- _INPUT DATA_
━━━━━━━━━━━━━━━━━━━━
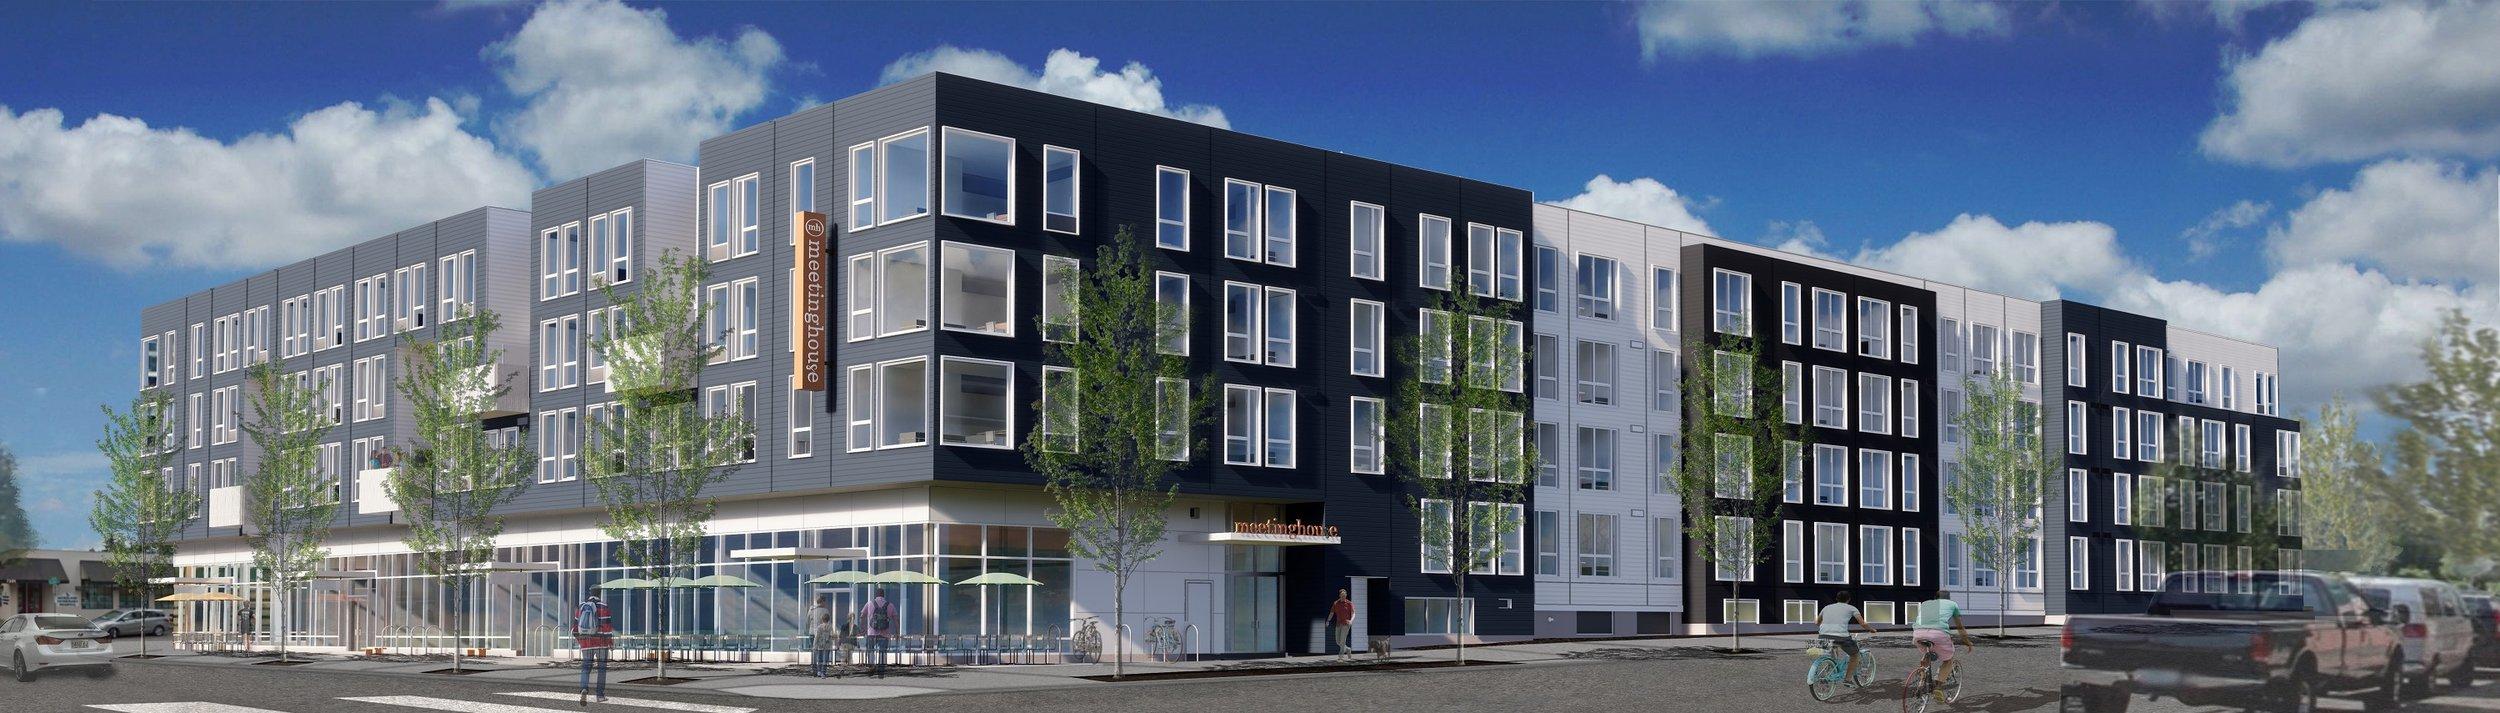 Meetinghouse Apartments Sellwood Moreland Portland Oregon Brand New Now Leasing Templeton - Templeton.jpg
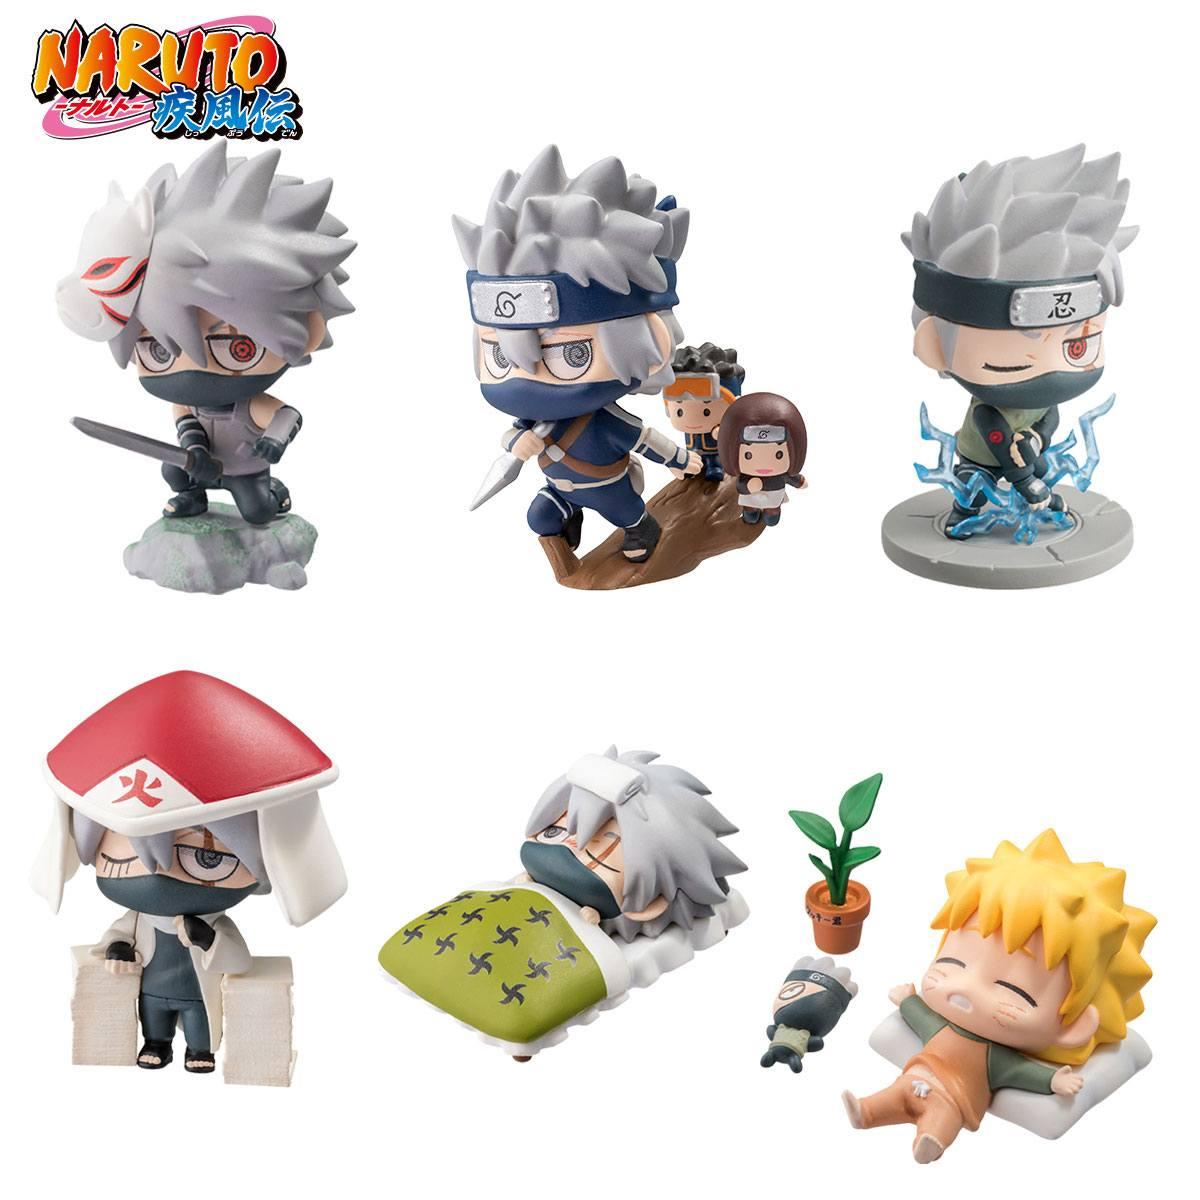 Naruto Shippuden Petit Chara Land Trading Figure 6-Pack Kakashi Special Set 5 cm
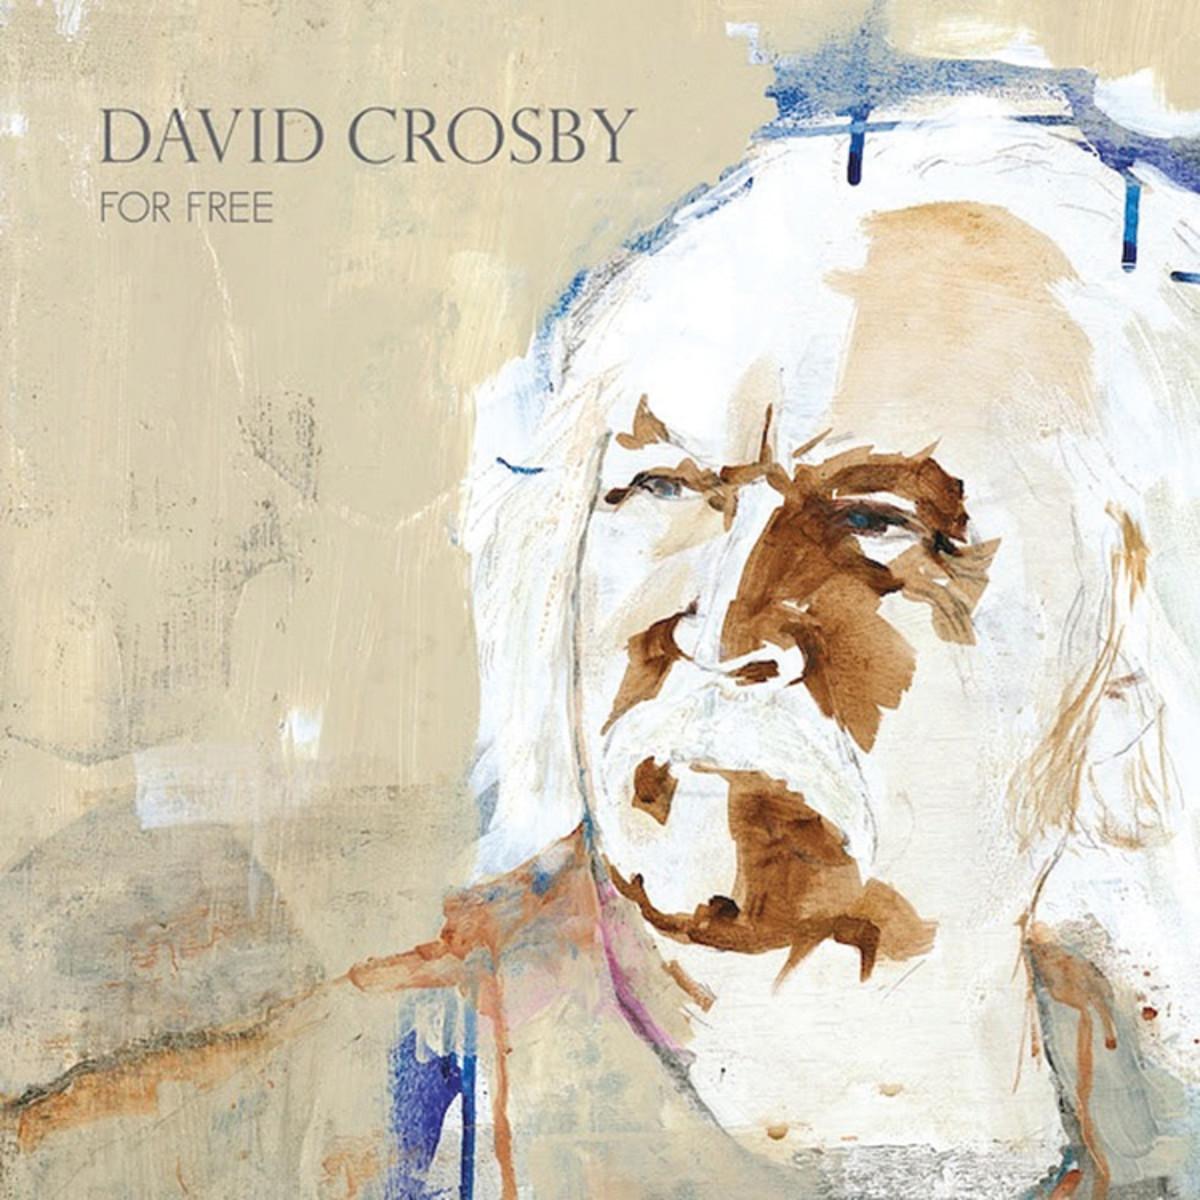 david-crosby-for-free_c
━━━━━━━━━━━━━━━━━━━━
Your copy of the material above should be exact and free of pictures.

 Meetinghouse Apartments Sellwood Moreland Portland Oregon Brand New Now Leasing Templeton - Templeton.jpg
 Naruto Shippuden Petit Chara Land Trading Figure 6-Pack Kakashi Special Set 5 cm
 david-crosby-for-free_c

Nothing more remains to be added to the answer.